Sin entrar ahora en complejas consideraciones técnicas sobre la elasticidad de la curva de demanda de trabajo --discusión importante a la hora de calibrar si es más probable que un tipo de efectos predomine sobre el otro, o lo contrario--, lo que sí podemos observar es que, desde el punto de vista del convencional instrumental gráfico marshalliano, Keynes estaba argumentando que muy bien podría darse un desplazamiento a la izquierda de la curva, en cuyo caso el punto de equilibrio neoclásico (E en la figura 2) ya no sería tal, puesto que el equilibrio se habría desplazado hacia la izquierda y por debajo del anterior (de E hasta E'), es decir, compatible con niveles de salario real y de ocupación más bajos (w** < w* y f < q*). Esto podría ser, en ciertos casos, "lo peor" que, según Keynes cabría esperar que ocurriera, ya que, por esa vía, podría acabarse entrando en una espiral deflacionaria, en la que, junto a precios y salarios continuamente a la baja, tendríamos niveles de empleo cada vez menores y un reforzamiento creciente de las tendencias depresivas y autoliquidadoras del sistema, que era precisamente aquello que su teoría quería combatir en último extremo.

El nuevo diagnóstico de Keynes lo condujo a un tipo de recetas muy distinto del neoclásico. Puesto que el problema era de demanda agregada, y más concretamente de la inversión privada, de lo que se trataría sería de reactivar la deprimida demanda para poner fin a las causas de la depresión. Para ello, se trataría de reproducir (a largo plazo) las condiciones de confianza empresarial que llevan a los capitalistaa a generar espontáneamente el nivel de inversión suficiente para poner en marcha el termostato de la recuperación, que vendría seguida por una tendencia alcista en los ritmos de producción y de oferta, y, por consiguiente, del empleo. Pero Keynes estaba mucho más interesado en el corto que en el largo plazo, por lo que se concentró en este tipo de medidas, es decir, en el conjunto de políticas que, según él, deberían ponerse en practica por la sociedad, y más particularmente por el Estado, con el objetivo de reducir las tasas de desempleo a los niveles más bajos posibles en el más corto espacio de tiempo posible. Desde este punto de vista, Keynes creía que, en tiempos de depresión, no había tiempo para esperar que las fuerzas de mercado se pusieran a corregir por sí solas los desequilibrios (ya que el ritmo esperable por esta vía sería muy inferior al necesario), y defendió la necesidad de que el Estado se encargara él mismo de dirigir a la economía en la dirección adecuada. A falta de una demanda espontánea de mercado suficiente, proponía que fuera el Estado el que completara su insuficiencia con una demanda pública adicional destinada a favorecer las ventas y la producción de las empresas (es decir, el empleo). De todos es sabido que las recetas de Keynes fueron la vez monetarias y fiscales. De hecho proponía simplemente que el Estado gastase más sin necesidad de recaudar más impuestos, sino mediante déficits públicos sucesivos financiados con emisiones monetarias (pues era preferible un impulso inflacionario al crecimiento que el estancamiento con deflación de precios y salarios).

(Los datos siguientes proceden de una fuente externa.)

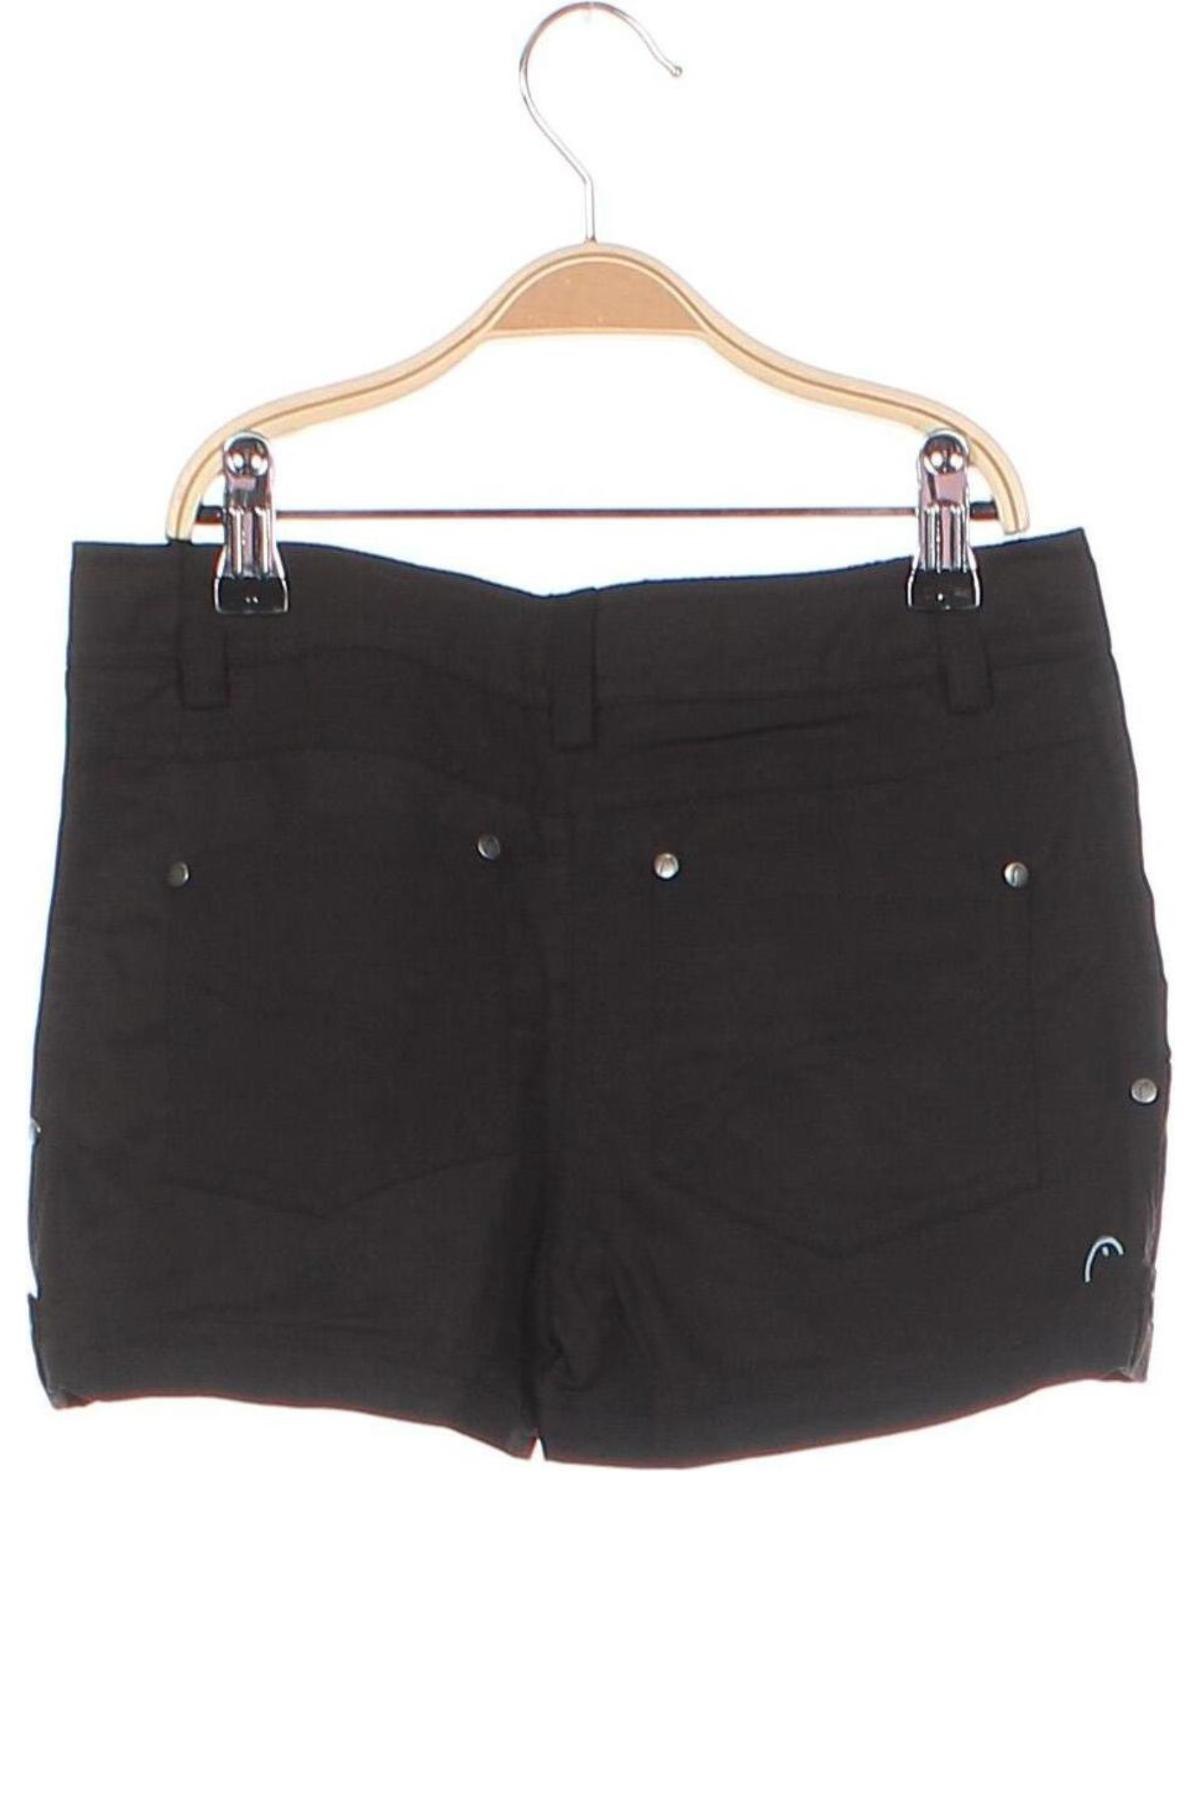 Pantaloni scurți pentru copii Head, Mărime 7-8y/ 128-134 cm, Culoare Negru, Preț 32,60 Lei

Como ya se dijo, Keynes defendió estas posiciones en el plano teórico, no porque fuera un intervencionista y un antiliberal, sino porque, precisamente como liberal realista que era, defendía, como todos los de su especie, una intervención estatal adecuada a las circunstancias (incluida una intervención importante cuando las circunstancias son importantemente negativas: repásese la historia de la teoría económica liberal, desde los fisiócratas o Smith a Milton Friedman o Pedro Schwartz). Hoy sabemos que Keynes no estaba sólo en la defensa de estas posiciones en los años 30. Sabemos también que de hecho los gobiernos habían empezado a reaccionar en la dirección keynesiana avant la lettre. Por ejemplo, Roosevelt defendía intervenciones "keynesianas" sin saberlo, lo mismo que, por otra parte, estaban haciendo Hitler, Stalin y otros, siguiendo la pauta del célebre personaje dieciochesco capaz de hablar en la más pura prosa sin tener la menor consciencia de ello. De hecho, en honor de la verdad hay que decir que los liberales contemporáneos son más conscientes de cómo ocurrieron las cosas en la realidad que muchos de los que hoy critican, desde la izquierda, el llamado neoliberalismo antikeynesiano.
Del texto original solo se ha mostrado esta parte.